--- Dataset section ---

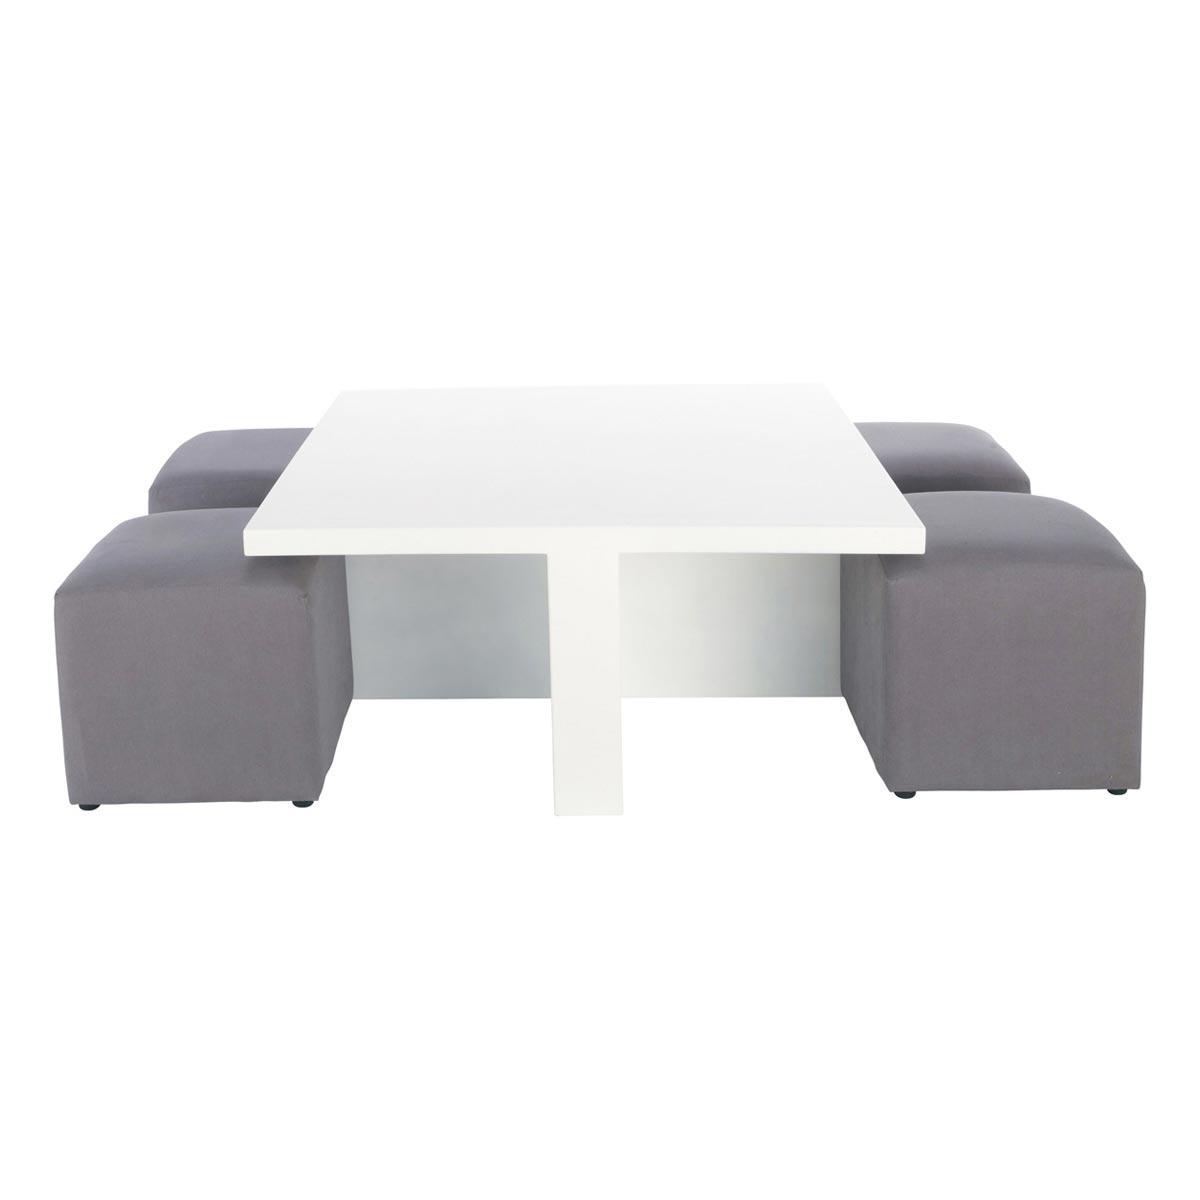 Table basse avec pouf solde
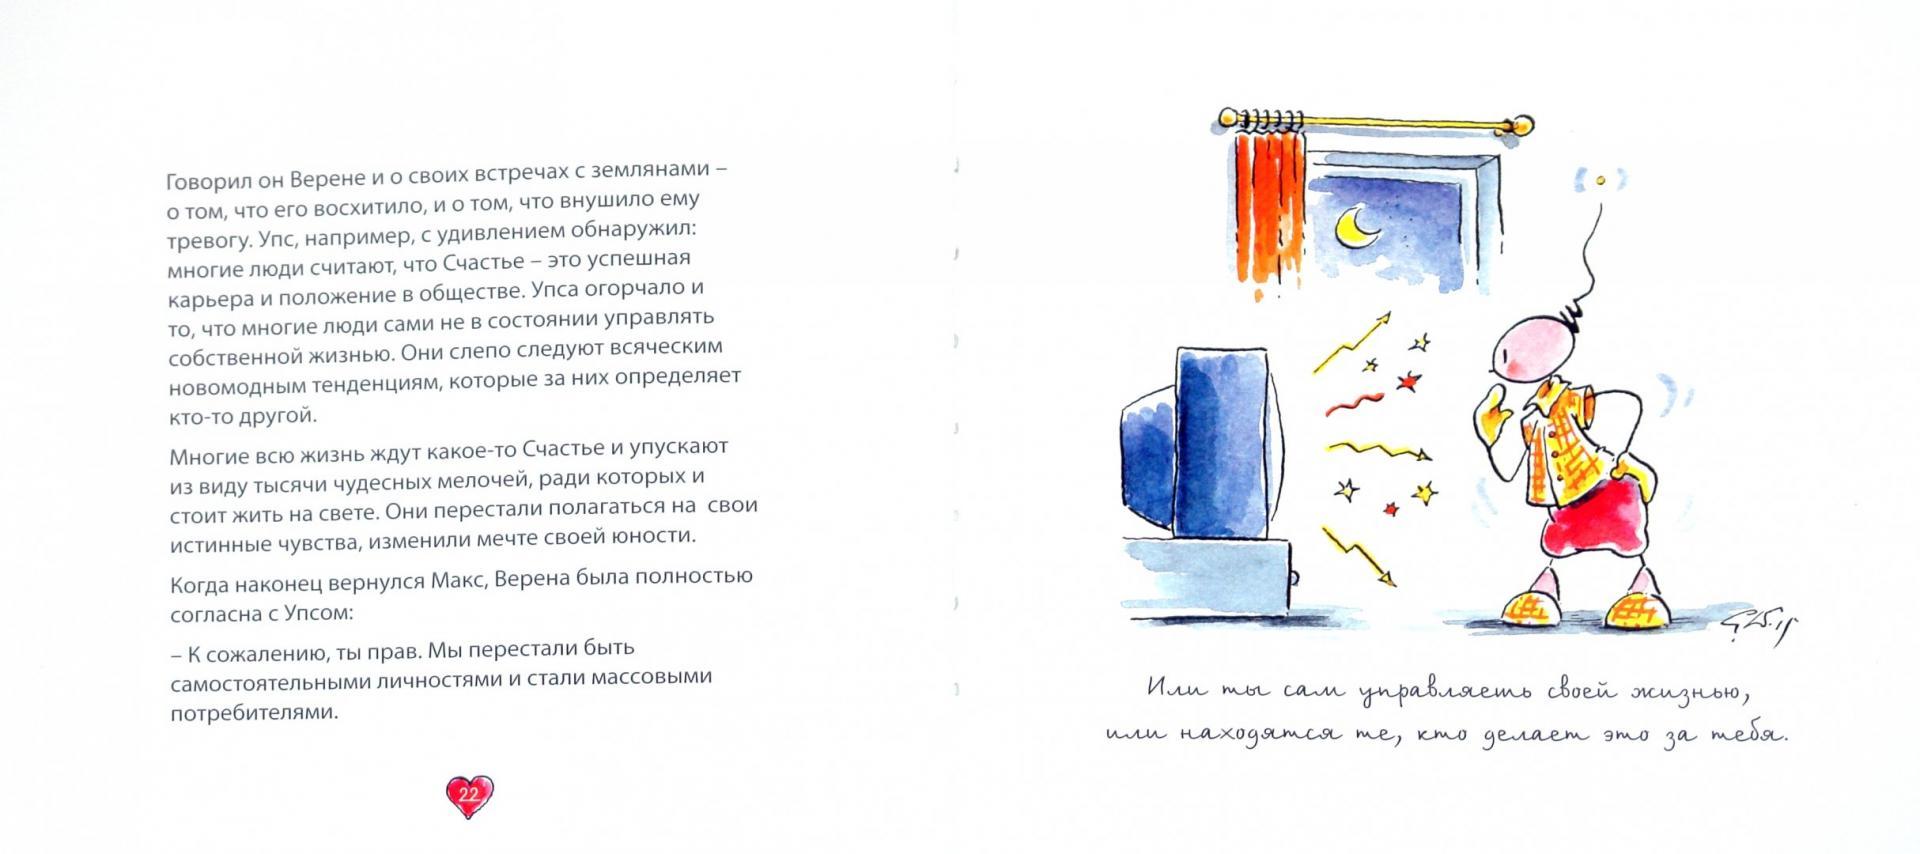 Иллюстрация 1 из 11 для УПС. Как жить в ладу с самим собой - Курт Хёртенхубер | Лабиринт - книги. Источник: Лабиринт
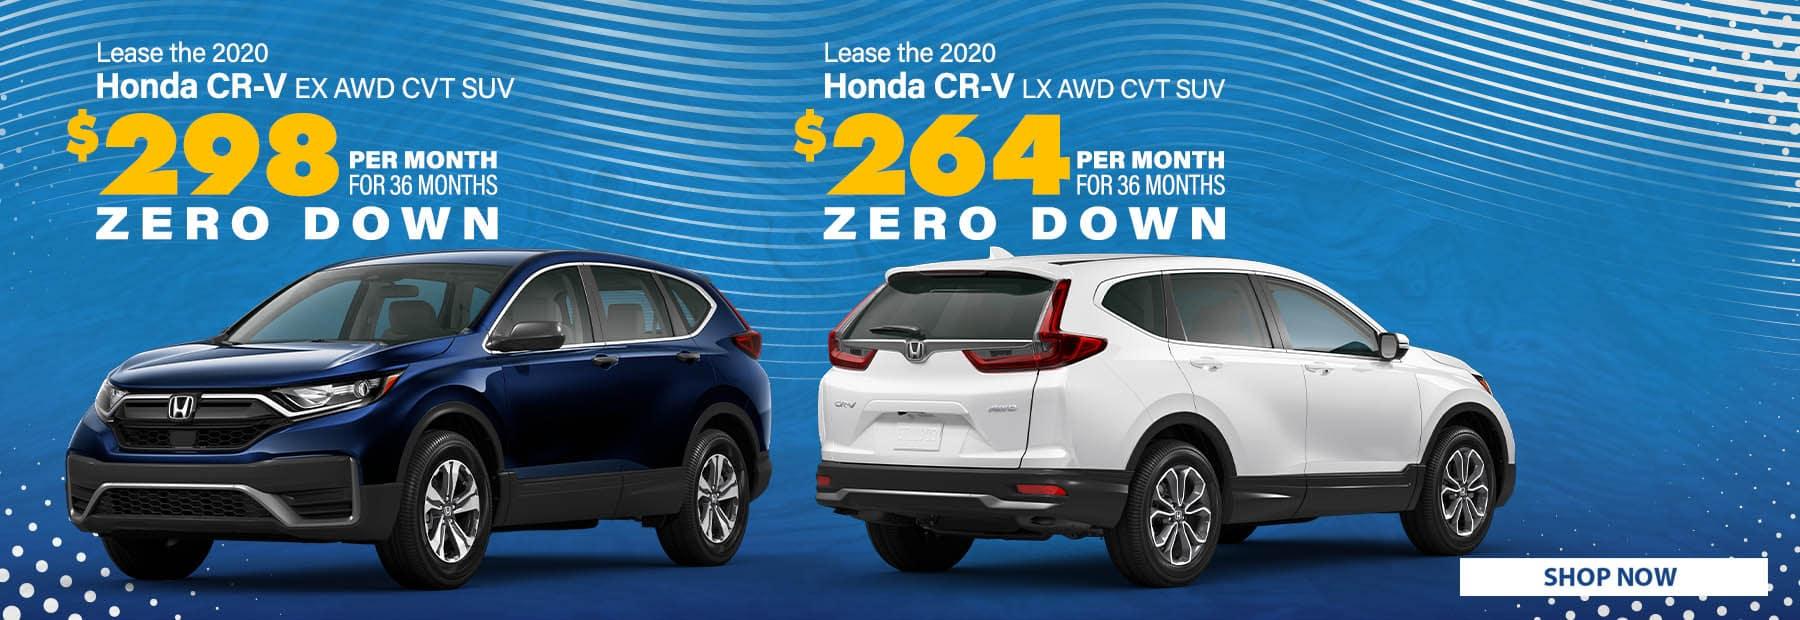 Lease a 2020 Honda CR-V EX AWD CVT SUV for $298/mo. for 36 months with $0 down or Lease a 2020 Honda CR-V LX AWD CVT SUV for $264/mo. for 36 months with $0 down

---

Work instructions -
Return the material above verbatim, minus the pictures.

Output for this task -
 Table basse avec pouf solde
 Иллюстрация 1 из 11 для УПС. Как жить в ладу с самим собой - Курт Хёртенхубер | Лабиринт - книги. Источник: Лабиринт
 Lease a 2020 Honda CR-V EX AWD CVT SUV for $298/mo. for 36 months with $0 down or Lease a 2020 Honda CR-V LX AWD CVT SUV for $264/mo. for 36 months with $0 down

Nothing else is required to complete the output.